Seth Montfort is a pianist and founder of the "San Francisco Concerto Orchestra" which is a non-profit organization composed of classical musicians. He is also the brother of Matthew Montfort, musician and founder of Ancient Future.

==History==
At an early age Montfort originally aspired to be an Olympic gymnast but gave up on the notion after an arm injury. Later, he won his first piano contest at the age of eleven by playing ragtime pieces by Scott Joplin. When Montfort was sixteen he debuted his career as a pianist when he played "Concerto for the Left Hand" with the Denver Symphony.
Throughout his life Montfort has accumulated twelve different local, national, and international awards.

In 1989 Montfort founded the "San Francisco Concerto Orchestra". The non-profit organization's main objective is to allow classical musicians to alternate soloist opportunities so they can perform music that suits their interests. Since its conception over four hundred concerts have been performed involving more than five hundred musicians. At any give time the size of the orchestra ranges from fifteen through seventy-five musicians.

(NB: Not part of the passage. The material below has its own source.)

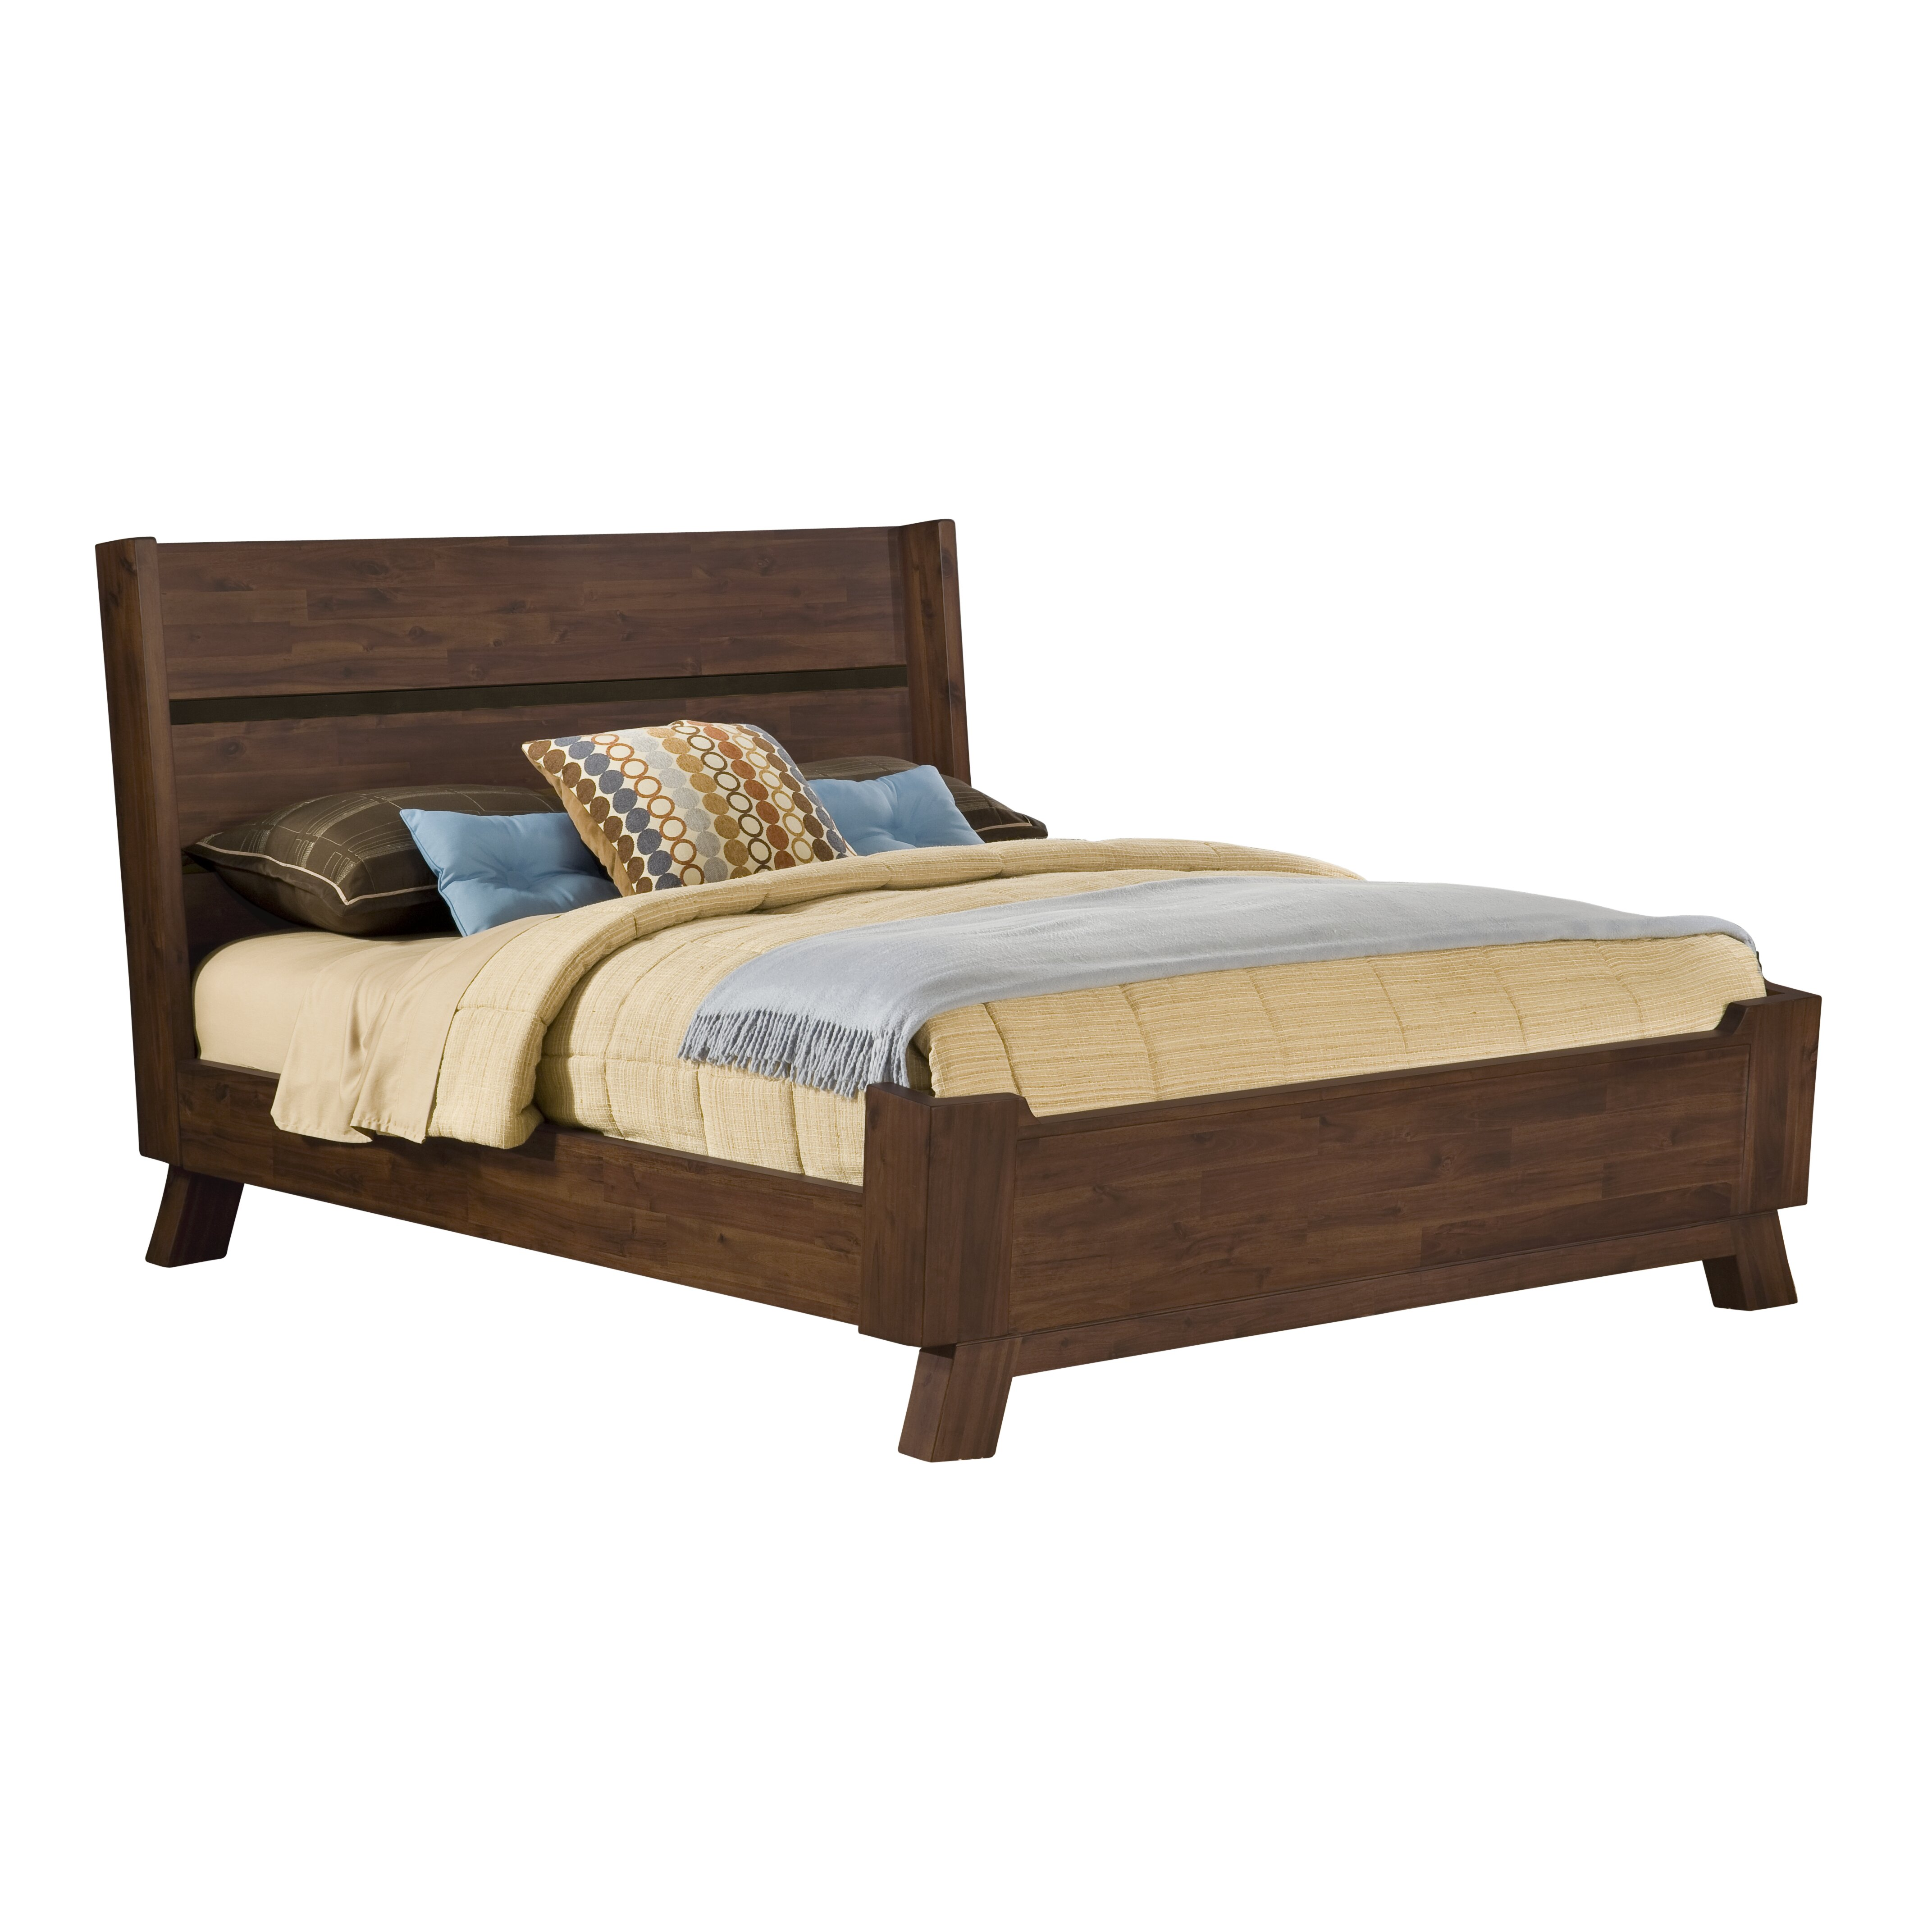 Modus Bed Reviews

Monfort moved the operations to Guerneville, California in what was formerly a mortuary. The "San Francisco Concerto Orchestra" then became "The Mortuary Orchestra of Guerneville". This name change was suggested by John Moran, performing and literary arts manager for the Sonoma County Arts Council. In addition to the name change, the now "Mortuary Orchestra of Guerneville" also had a new venue to perform at. The original name for the venue was the "Russian River Performing Arts Center" but was later renamed to "Music Inside Out & Center" at some unspecified point. The move was also encouraged by Montfort's desire to have more time to practice his twenty-plus hours of memorized classical musical scores.

==Works==
Montfort's also describes himself as a composer and has been working on a two-hour-long Aztec Piano Symphony. He also authored a self-published booked titled, "Aliens Made Me Play Gershwin". On July 29, 2009 Montfort publicly performed his original composition, "The Beekeeper Fandangos" for Lazy Bear Weekend 2009. The composition was written during and inspired by Lazy Bear Weekend 2008. No other works have been formally or informally published by Montfort.